5.1.8. The support core method should be used when constructing excavations or their sections up to 300 m long in non-water-saturated clay soils that are not capable of absorbing pressure from the lining roof. In this case, the walls are erected in adits, after which the calotte is opened, in which a vault is erected, supported by the walls.

When constructing tunnels with a cross-section of more than 40 m2, preliminary excavation along the axis of the excavation of the lower transport adit is allowed.

Side adits for the construction of walls during excavation should, if possible, be developed along the entire length of the excavation section being constructed.

5.1.9. The development of soil in the face, depending on engineering geological conditions, cross-sectional dimensions and the adopted excavation method, is carried out in the following ways:

When excavating in a continuous face - by drilling and blasting using drilling equipment and removing soil with rock-loading machines or excavators;

When excavating by bench method - the upper bench is drilled and blasted using self-propelled drilling rigs or mining machines, and the lower bench is drilled and blasted using self-propelled drilling rigs and soil removal with excavators or rock-loading machines;

When excavating a working in parts (using the supported arch and support core methods) - in the calotte and side strasses - with jackhammers and pneumatic shovels; in the core - with tunnel excavators or drilling and blasting with soil removal using small-sized rock-loading machines.

5.1.10. Recently, work on developing soil in the working face and transporting it to the surface of the earth has been carried out using modern automated and mechanized means.

Roadheaders with mechanized installation of temporary and permanent supports are widely used.

5.1.11. Currently, new, more effective methods of soil development are being created and implemented: hydraulic, pneumatic, electrophysical, chemical, etc.

These methods can be used alone or in combination with mechanical methods.

5.1.12. The choice of mechanization means should be made based on the conditions for ensuring the flow process at the lowest cost and construction time.

5.1.13. Soil excavations against the design cross-section of the excavation in rocky soils in cases of excavation development by drilling and blasting without using the contour blasting method should not exceed the values ​​​​specified in Table. 5.1 .

In dispersed soils, the removal of soil against the design section when developing excavations by mechanical means should not exceed 50 mm.

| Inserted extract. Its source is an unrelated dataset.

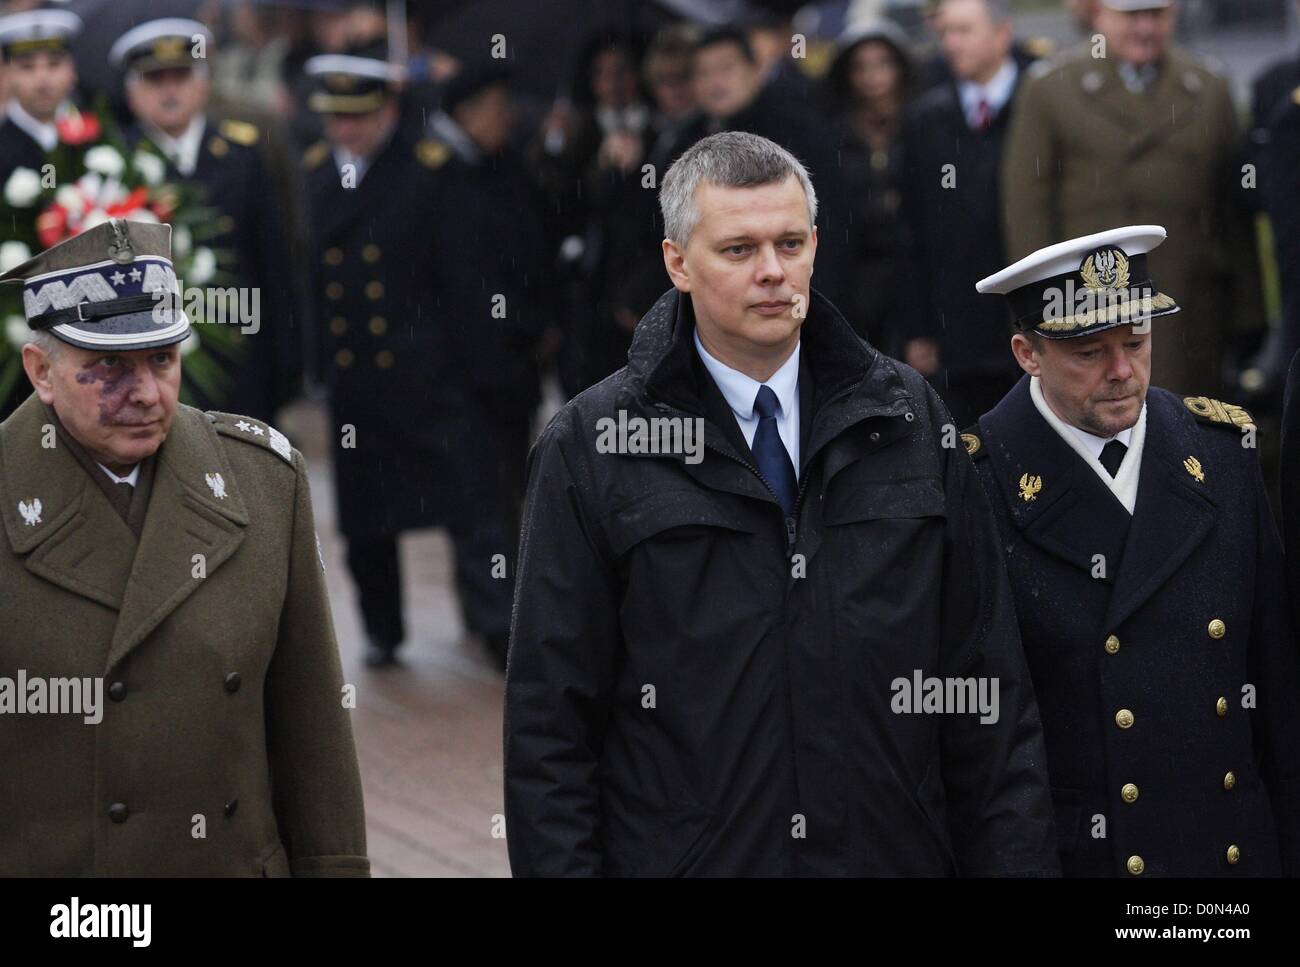 Gdynia, Poland 28th, November 2012  94th anniversary of Polish Navy reneval by the Marshal Jozef Pilsudski in 1918. Minister of Defence Tomasz Siemoniak (C) takes part in the ceremony in front of Polish Navy Sailor Plaque in Gdynia. Stock Photo

At the bottom of an excavation without an inverted arch and when developing a tray for an inverted arch in dispersed soils, digging through the soil is not allowed.

Table 5.1

The method of filling voids formed by digging soil against the design section must be established by the work plan.

5.1.14. Temporary fastening of excavations when excavating with a continuous face or bench method in fractured, strong and medium-strength rocky soils should be carried out using anchor or shot-concrete supports or combinations thereof.

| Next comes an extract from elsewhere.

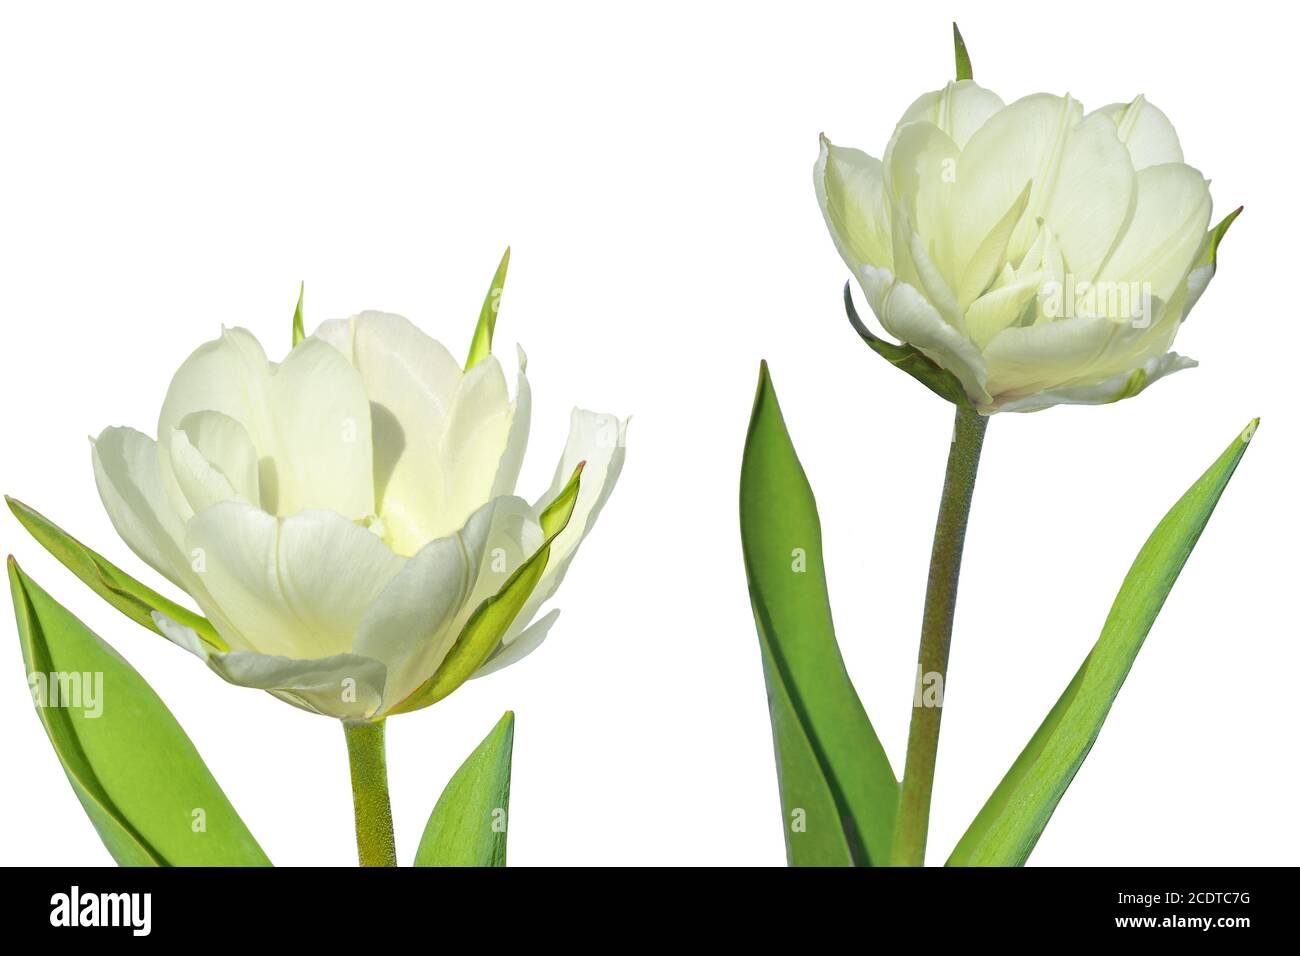 Two terry white tulips close up isolated on white background Stock Photo

The use of arched support as temporary fastening is permitted during a feasibility study. In these cases, arched and anchor-arched support can be used in fractured rocky soils with a strength coefficient of up to 8, as well as in areas with tectonic disturbances.

5.1.15. Sprayed concrete should be used as temporary support when excavating in rocky, fractured soils that do not exhibit rock pressure. When excavating excavations in rocky, fractured and weathered soils that exhibit rock pressure, sprayed concrete reinforced with metal mesh in combination with anchorage should be used.

The number of layers of sprayed concrete is established depending on the engineering-geological conditions and the thickness of the sprayed concrete adopted by the project.

5.1.16. Anchor support should be used for temporary fastening of excavations for the period of work until the construction of a permanent lining in rocky, fractured soils with a strength coefficient of 4 and above. In this case, reinforced concrete, polymer concrete or metal anchors are used. The use of anchor support in weaker soils should be justified by field studies.

When installing anchor support in frozen soils using reinforced concrete anchors, solutions must be used that contain additives that accelerate setting, or electrical heating must be performed to ensure hardening of the solutions.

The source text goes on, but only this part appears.